To move the august Supreme Court.

 

“Oyez! Oyez!” came the cry

So, with her bosom tight  aclench

And  stately hop, and purposed eye

The Dusky Frog approached the Bench.

 

And now, the Judges  heard and  saw

A frog instruct, as Age would Youth

Upon the sloth of human law

In pursuit of Cosmic Truth.

 

“Your Honors!” eight imposing brows

Inclined to view the appellee

(Recall that ancient law allows 

For interspecies comity.)

 

“Kinship brings me to this court!

Our genome links us: we’re not strange,

While through the eons we cavort

As interlocutors of change.

 

And though you’ve left the ephemeral pond

Determinative as a child

We have a taxonomic  bond!

You, Judges, are, in fact, still wild.

 

But, violate the Web of Life

Its patterns numinous and wise

To undo with judicial knife

A Being, portends your own demise.

 

The Judges brightened, pleased to meet

This as yet unknown relative

Weyerhaeuser from his seat

Groped for the right appellative.

 

The frog  acknowledged the Attorney:

“I am Life on Earth!” she cried

Your friend on Existence’s journey ,

Trailing  our elusive Guide.

 

Mr. Bishop, your acclaim

Precedes you through biota circles

Hooded omens greet your name

From bees to owls, to whales and turtles.”

 

Mr. Bishop bowed. The frog

With mild amphibian savoir faire

Began. “Your Honors, dialog

Cannot delay another year.

 

My Mississippi bogs are gone..

My need for habitat is critical:

Lethal are the  lot and lawn.

Raise  your solemn hand juridical!

 

My songs now praise  the Bayou State,

Magnolia  and manatee,

Our graves those woodlands permeate:

My name was once St. Tammany!

 

There let me live, on lilied knoll!

Ephemeral ponds will me delight

Until your species can control

Its suicidal appetite!”

 

Weyerhaeuser took a breath

But Justice Gorsuch cried, “This case

Is not about frog life or death

Or if on Earth she has a place.

 

It’s use of agency discretion

We’re discussing at this hour,

Does it require our intercession

Here to limit federal power?”

 

Chief Justice Roberts glowed with pleasure

Keen to argue Law and Fact.

“My friend,” he said, “Here we must measure

The Endangered Species Act”.

 

He raised a finger pedagogic:

“Adjectives compact and pare

Their nouns. A brown bear, says our logic

Must, quite  clearly, be a bear. 

 

Therefore, habitat, to be critical

To  itself must correspond.

In my perception analytical

Here you only have a pond.”

 

Weyerhaeuser smiled at last.

“Our tree farm there is ours  to log.

The realty value’s growing fast

And we’ll change nothing for a frog.”

 

As does her species when chagrined

Frog hid her eyes.
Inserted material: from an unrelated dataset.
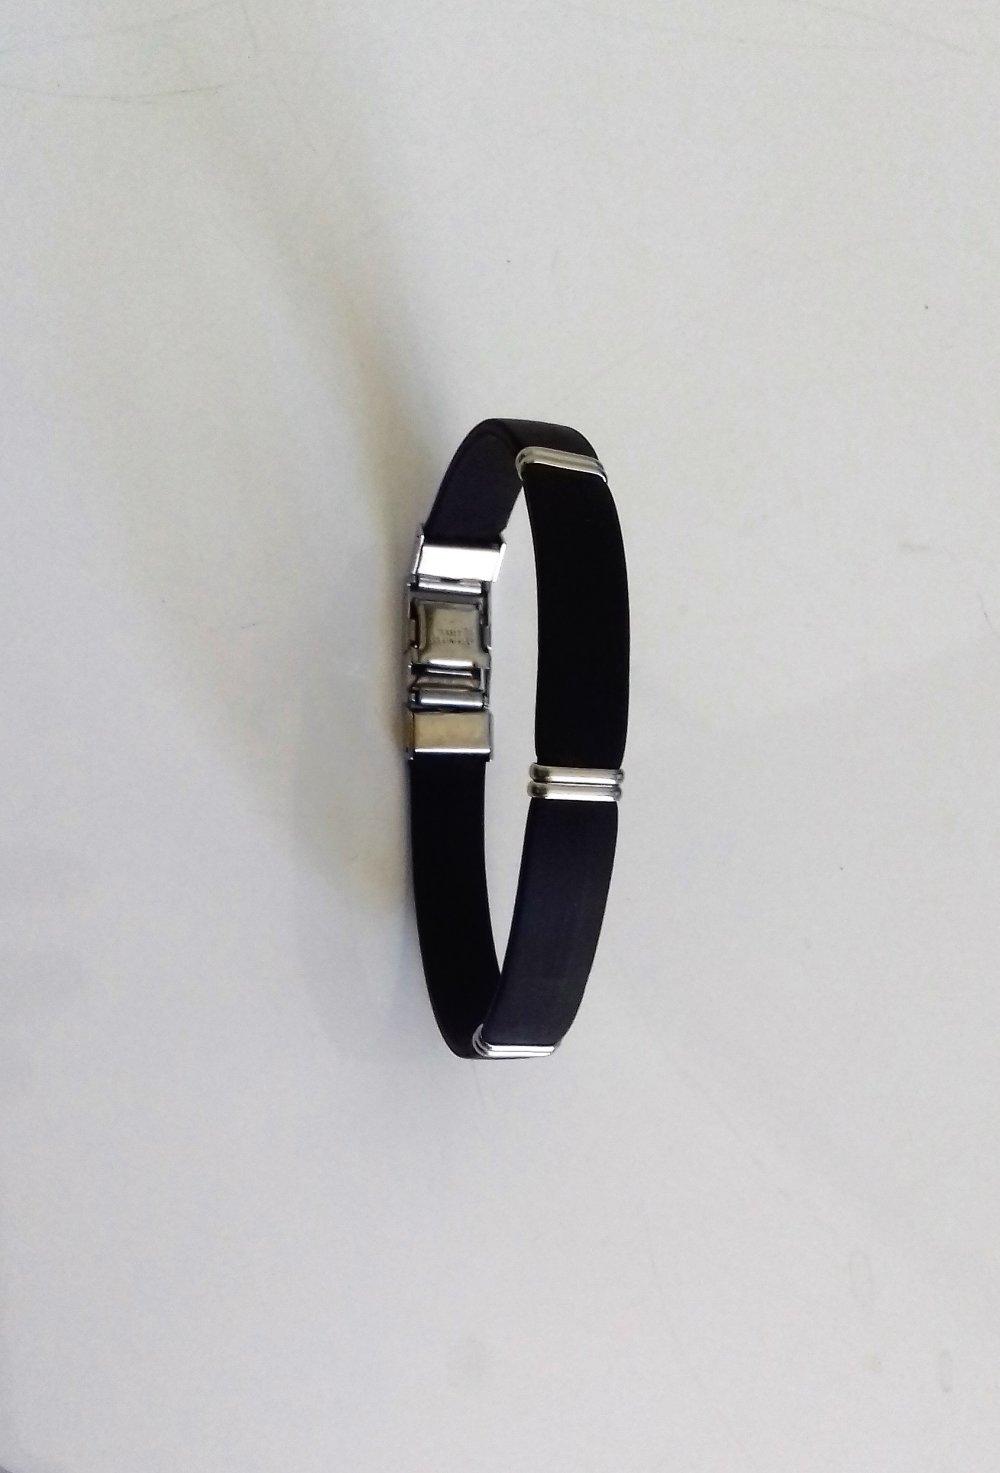 Bracelet silicone acier

Although abstract

These words were like an evil wind

Athwart the Endangered Species Act.

 

With  elan then, of her order,

(Ranidae of these are chief),

She leaped the Press, and Court Recorder

Landing on Judge Robert’s’s brief.

 

She fixed each  Judge  with space-black eyes.
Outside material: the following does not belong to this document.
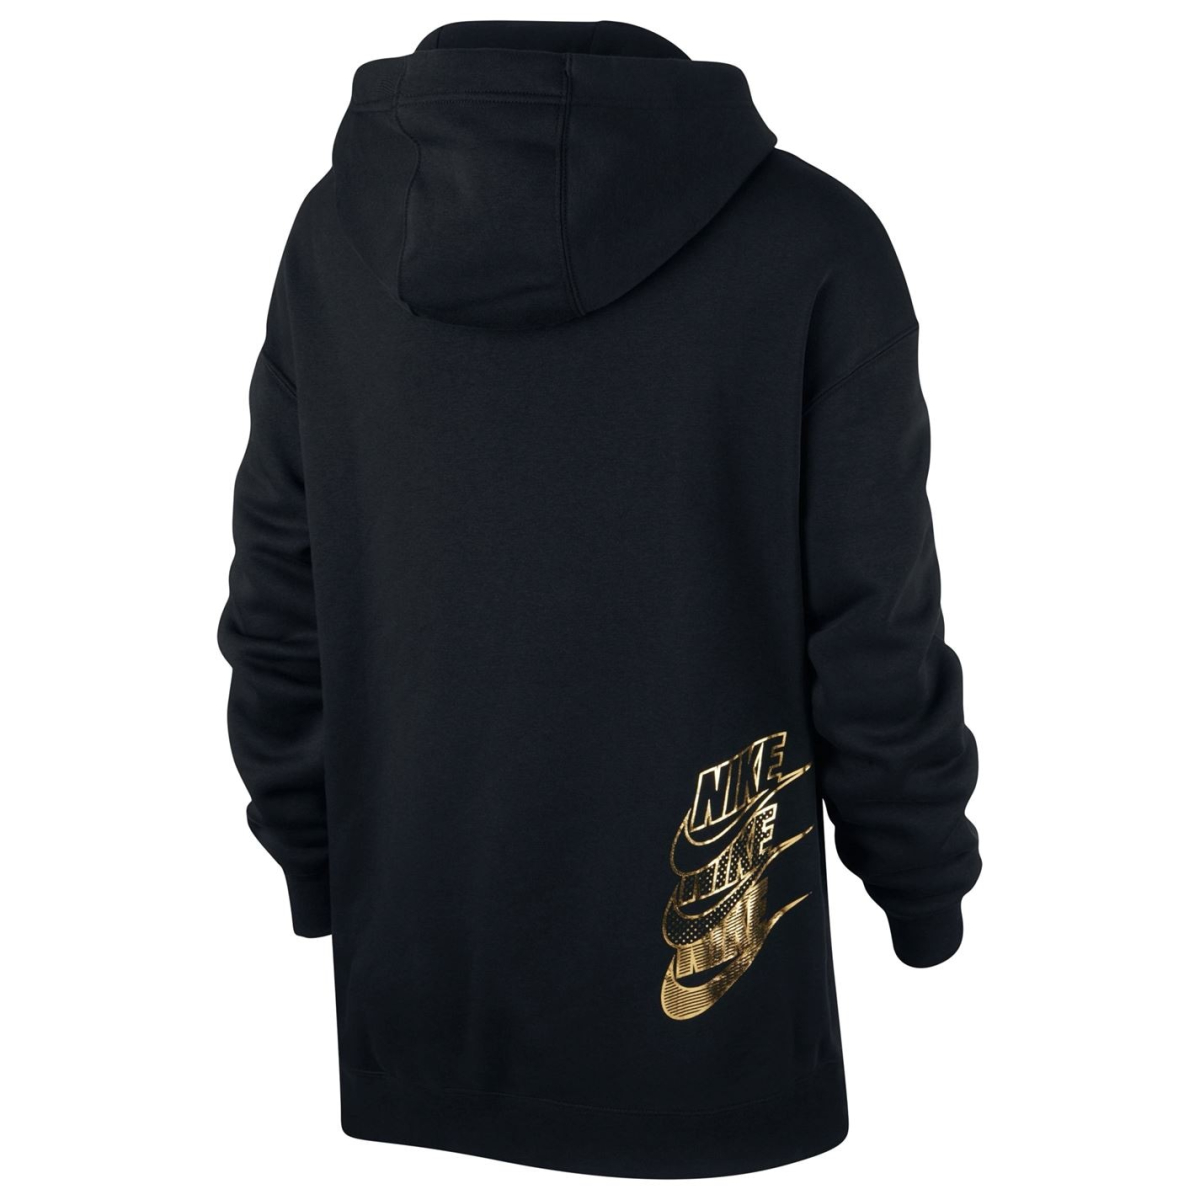 Nike Shine Kapuzenjacke Jacke Kapuzenpullover Damen Sweatshirt Pullover 4109

There, in their depths, they  glimpsed savannahs

Bursting  with  beasts of every size

And midst them,  raising  wild hosannas

 

In  laughing camaraderie

Through a  world of ambient wonder

Danced their Forebears, fierce and free

Exulting in the fire and thunder.

 

“Justices!” Her voice resounded

Through the Court, saluting each

“Human Chaos is unbounded

Heretical overreach!

 

Careless of Life’s Mystery

For venal ends you laws deploy

A birthmark on your history:

You do not  know what you destroy!

 

Market is your Woodland god

Gain your goddess of the Sea

Your specious baseline, plumbed, though broad

With superficiality!

 

With habitat we kingdoms lose.

Your Species Act requires redress

“At any cost!” No chance to choose

You humans must clean up your mess!”

 

From the Bench escaped a grunt,

An indeterminate expression

Laying bare the urge to punt

To Justice Roberts’s grammar lesson.

 

(The frog, absorbing this, was prescient:

In definition reemployed

The Agencies were acquiescent:

Excluded habitat destroyed.)

 

Paused, the frog peered round the Hall

And saw to her unbounded glee

Raul Grijalva by the wall

The Tribes, Earthjustice, CBD,

 

The desert tortoise, EPIC, whales,

A condor on the chandelier

And salmon streams, with flashing tails

And music marvelous to hear.

 

She gravely leaped through shining  air

Saluted Court with courteous mien.

They heard her last, low words: “Take care

Surviving the Anthropocene!”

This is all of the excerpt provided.